Amplitude envelope onsets in speech rhythm

Recent research in auditory neuroscience has suggested that neuronal oscillations entrain to amplitude modulation in the speech signal at different temporal rates. Modulations at slower rates (the “syllable rates”) seem to be important for the perception of rhythm. In particular, the onsets of modulations in amplitude envelope and their rate of change (also called “rise times”) will vary from syllable to syllable, and it will be greatest in stressed syllables. In this exploratory project, we examine the variation in rise time of amplitude envelope is stressed syllables occurring in a focal position in a sentence. In this highly controlled environment (in terms of phonetic properties of the syllable, sentence content, and the position of the sentence focus), we seek to determine how the syllable onset rise time varies as a function of vowel category (for inherently short and long vowels) and speaker dialect. The same speech material was read by 60 speakers, men and women, matched for age, and representing three regional dialects. Given the documented systematic cross-dialectal variation in acoustic properties of vowels as well as in articulation rate, we predict that dialect will also influence syllable rise time.

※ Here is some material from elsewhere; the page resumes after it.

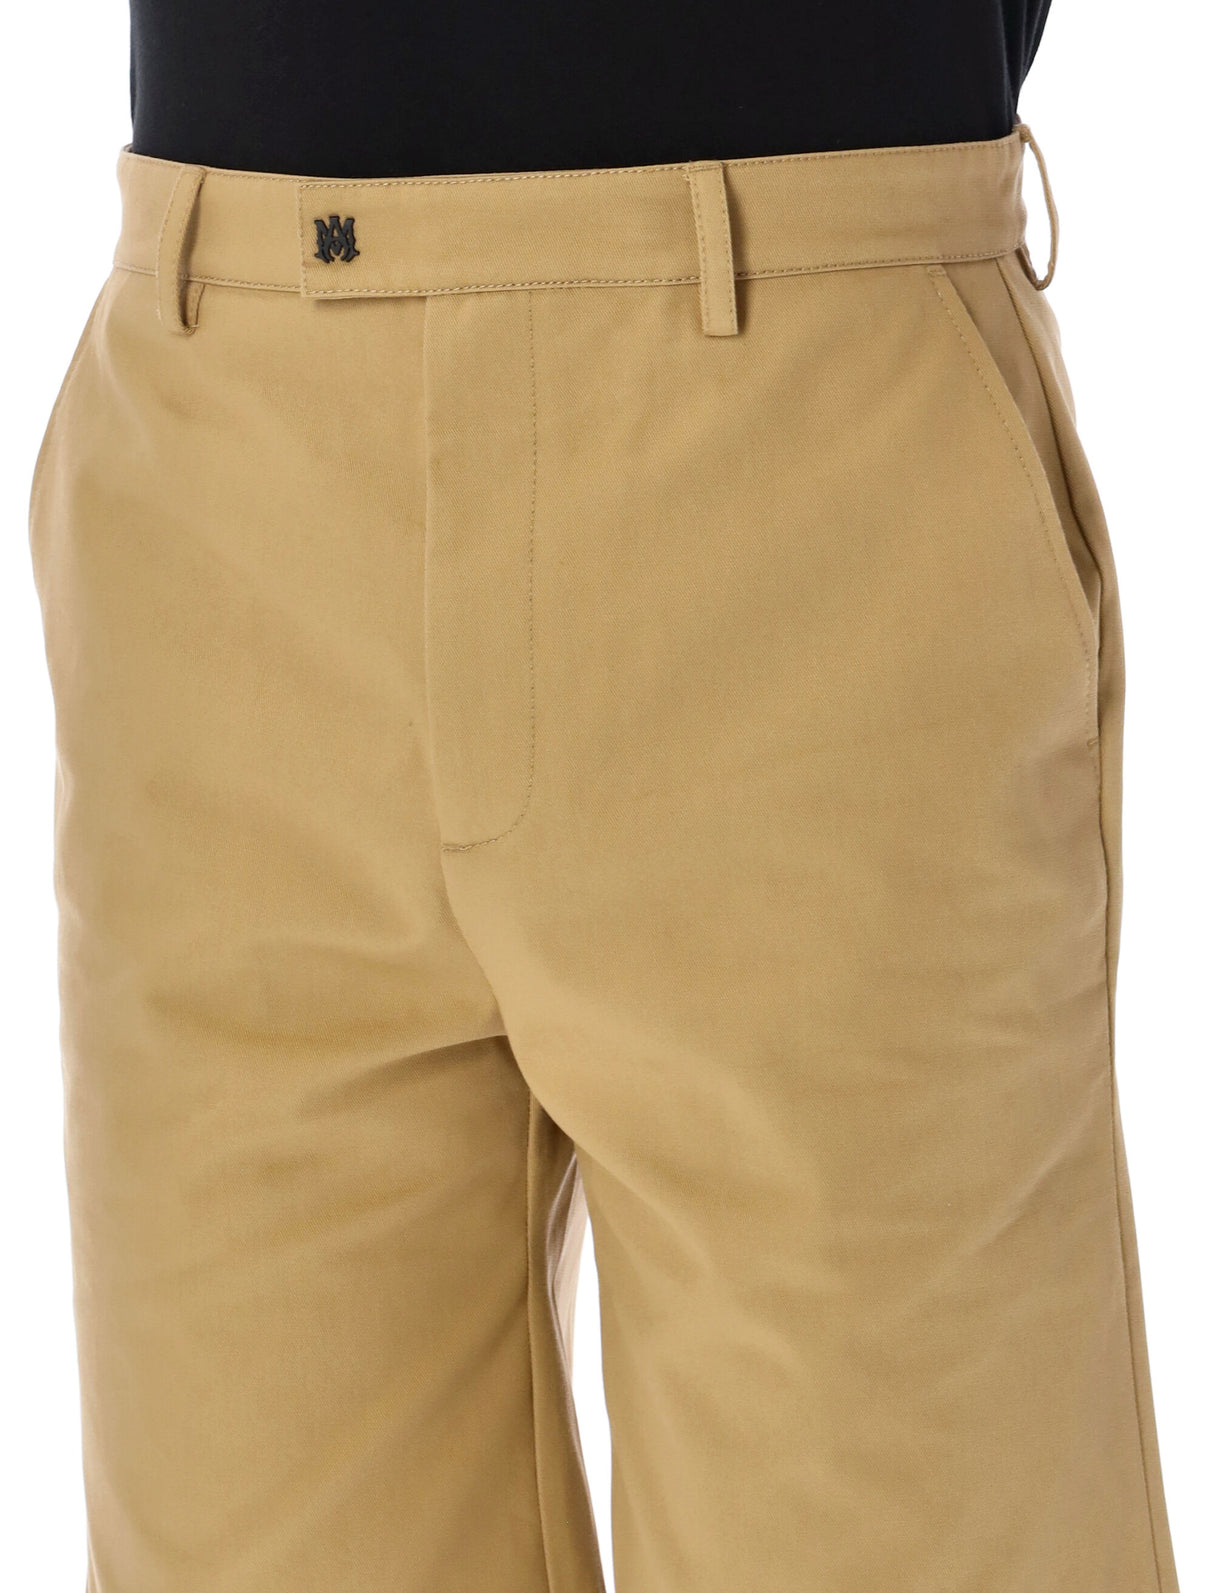 男士棕黑古銅區域藝術造型短褲

If supported, amplitude envelope onsets can be an important marker in the perception of rhythmic differences among regional and ethnic varieties of American English.

Temporal organization in African American English

African American English (AAE) is a distinct ethnicity-based variety spoken by about 39 million people in the United States. Given the general shortage of acoustic-phonetic evidence, there are conflicting views with respect to the current development of AAE. For example, AAE speakers have variously been reported to participate in regional sound change, to innovate sound change or to resist sound change. Especially little is known about the temporal organization of AAE, including segmental durations, speech rate and rhythm. The aim of this research is to characterize temporal variation in AAE across different geographic regions in the United States. These data will provide acoustic evidence for a possibly distinctive use of temporal variation in AAE, which may also supply a salient perceptual cue to ethnic identification.

Non-native processing of regional variation in American English

Native listeners typically outperform non-native listeners in experiments testing intelligibility of American English dialects. Presumably, second language (L2) speakers are less sensitive to fine-grained acoustic phonetic details that are present in dialect-inherent pronunciation patterns. This project seeks to characterize the selective listening of L2 speakers, assessing the salience of regional pronunciation features in L2 perception. Specifically, which acoustic-phonetic cues that are salient to native listeners are also salient to L2 listeners? Which cues are ignored by L2 listeners and why? L2 listeners from several native language (L1) backgrounds, children and adults, are presented with a range of regional accents and speaker voices to determine how they encode the auditory input and how they decode the linguistic message from variable sources. Ultimately, the project will help to define the nature of the L2 speech processing deficit and the conditions for developing sensitivity to regional variation in L2 listeners.